By then, the bullying he endured had been going on for several years, and he was so distressed by it that sometimes he could barely breathe. He kept it to himself, of course, as he did not want to give his mother anything else to worry about. So, when she told him that she’d once contemplated suicide, he just wished he could disappear and take his problems with him. Indeed, the boy was so deeply affected that his mind created a vivid image of his mother that night: exhausted after walking more than 20 kilometres carrying her son on her back and tottering along the narrow edge of the cliff, with the faint light of the moon and the faraway houses reflected on the water at the bottom of the ravine, and the beauty of the azaleas at her feet. It was easy to imagine the feeling of liberation she had felt she would get if she threw herself off the cliff, and he trembled at the thought of it. Even after he had calmed down somewhat, he still tormented himself thinking that it would have been better if he had not been born. Then several days passed and he began to understand why his mother had made such an upsetting confession to him.
He understood that she wanted to convey that no matter how hard a situation might be, he shouldn’t give in to it.
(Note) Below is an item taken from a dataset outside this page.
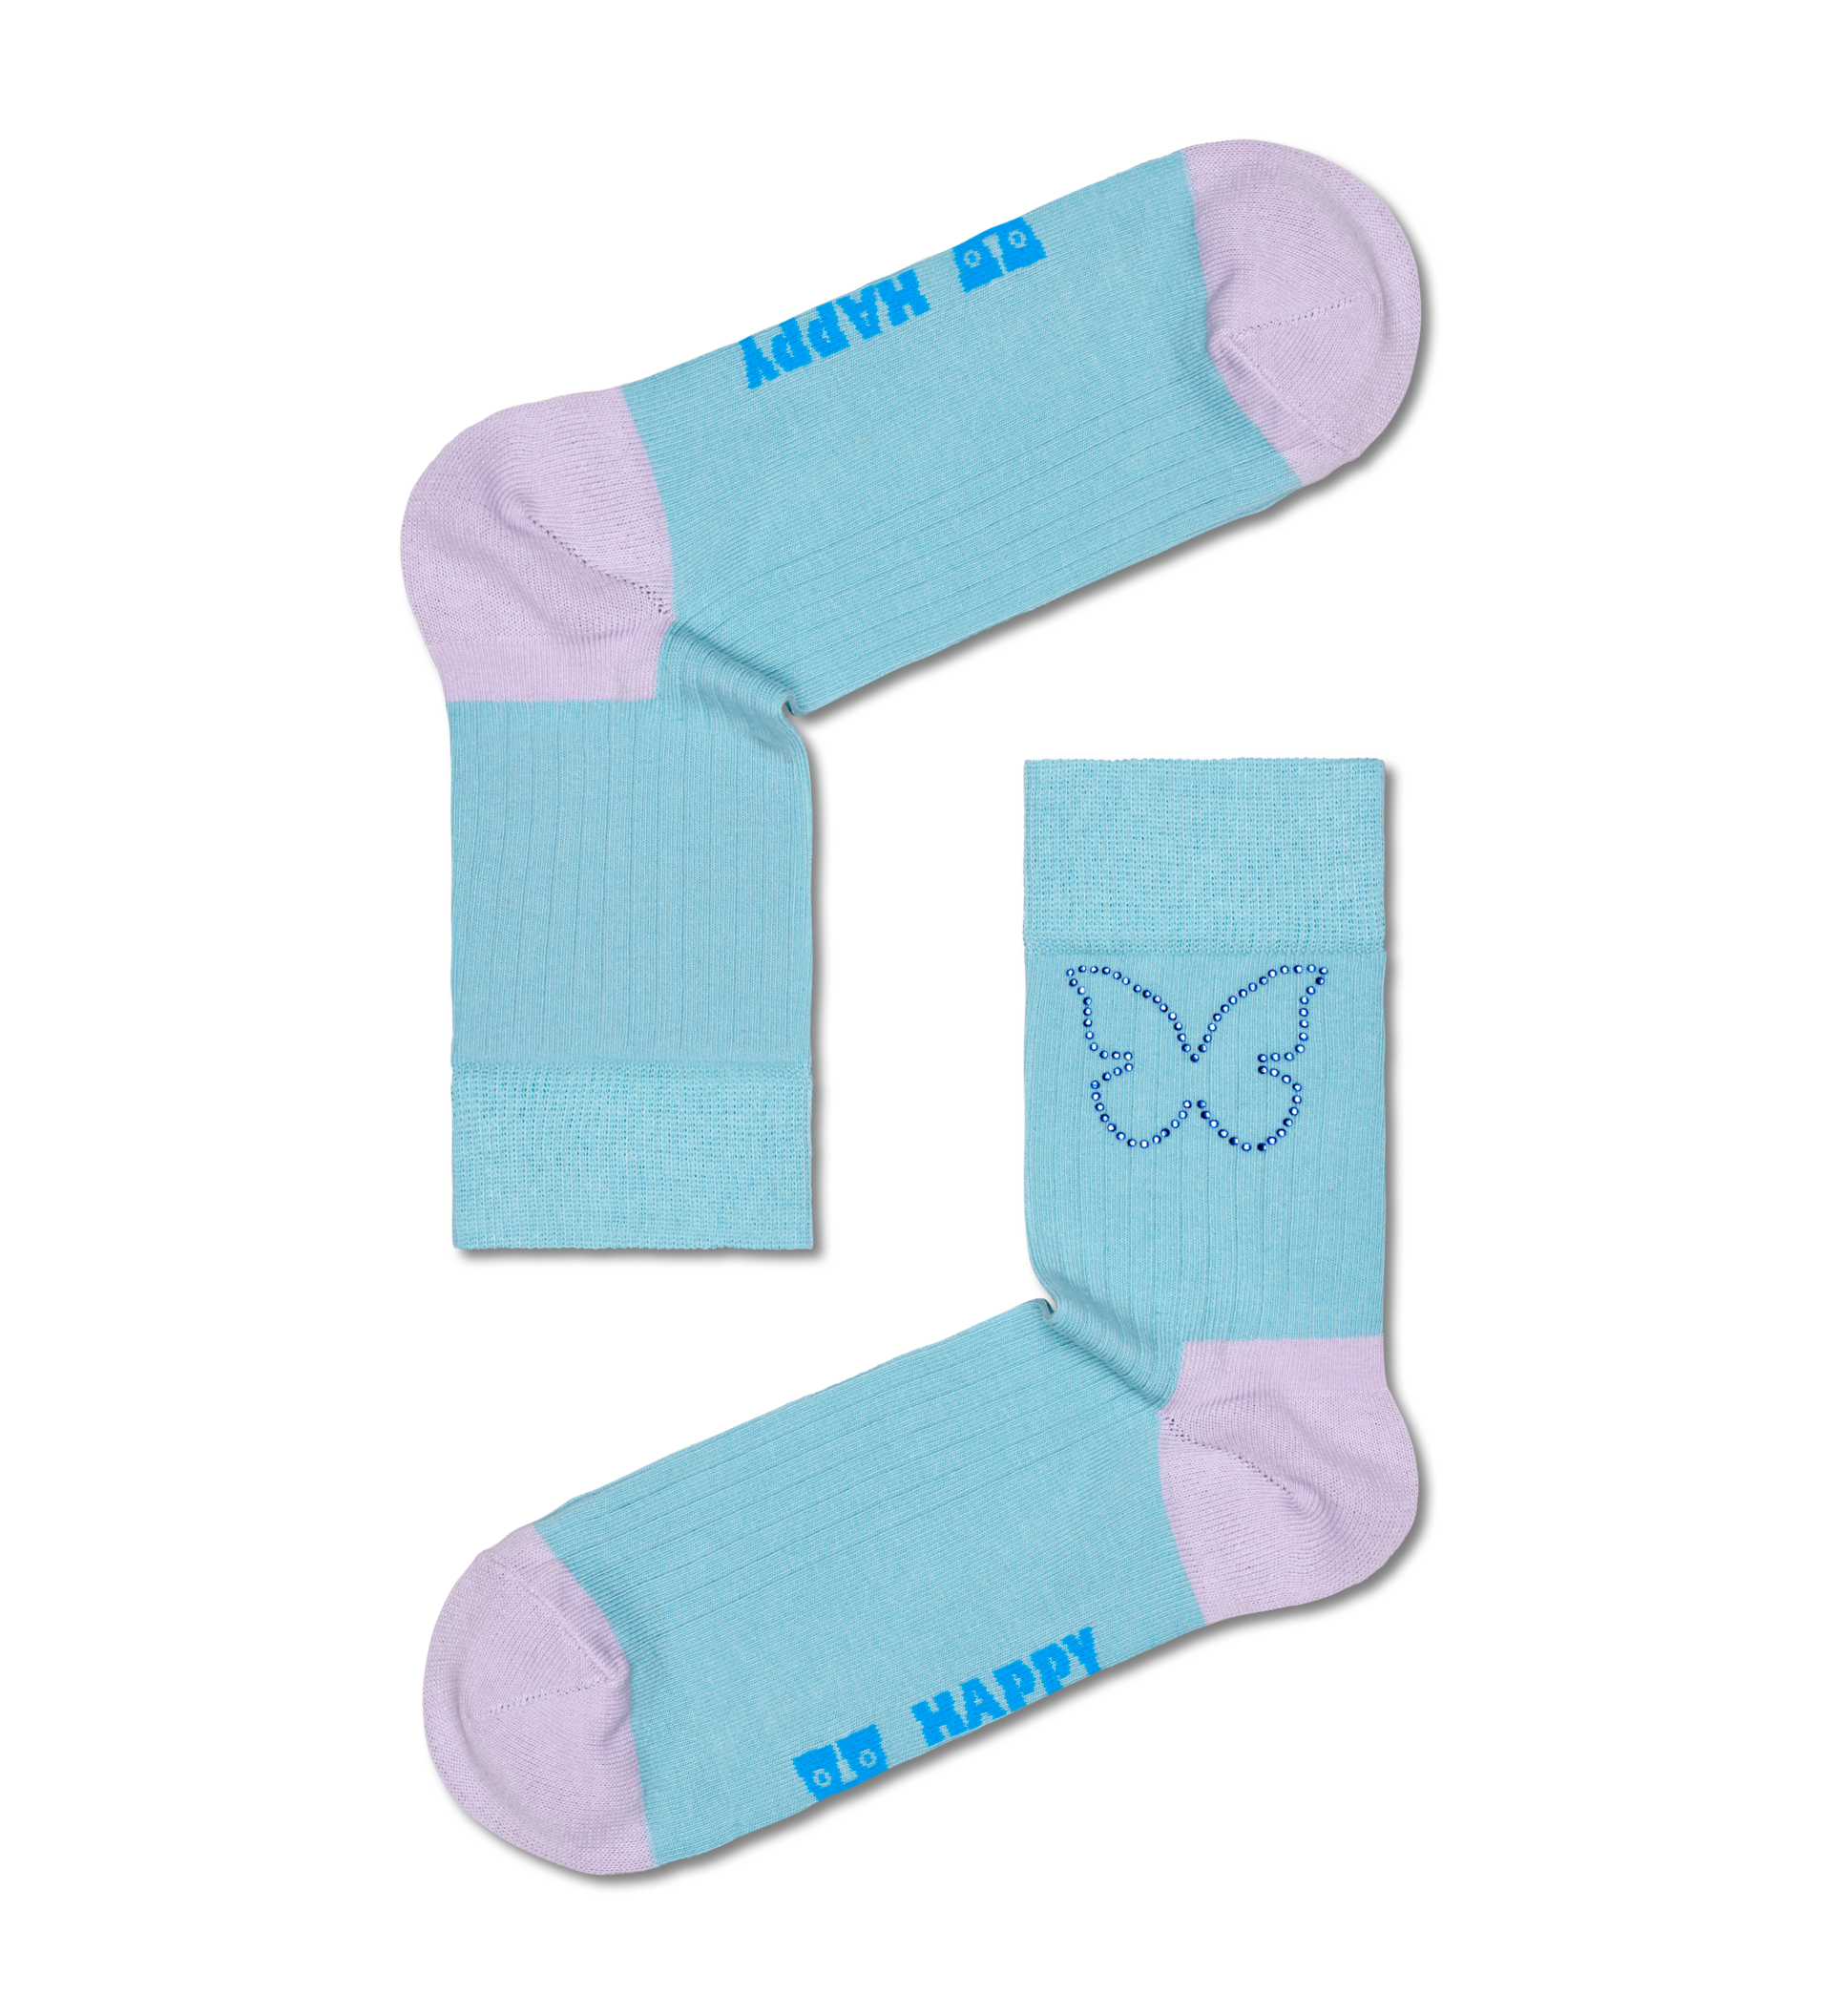 Tilbud: Butterfly Rhinestone 1/2 Crew Sock kr 11,2 på Happy Socks

He was greatly comforted realising that his mother was well aware of what he was going through. About six months later, they moved away from the village to the town and he started going to a new school, where he wasn’t bullied. He never forgot what she had confided in him that day. As an adult, as well, he grappled with his inferiority complex and continued to feel extremely uncomfortable in social situations. His wife was the only person to understand how hard he struggled when interacting with others, but she passed away when he was 63 years old. The despair he felt at that time overwhelmed him, but his mother’s words to him that day came back to him and helped him get over the loss.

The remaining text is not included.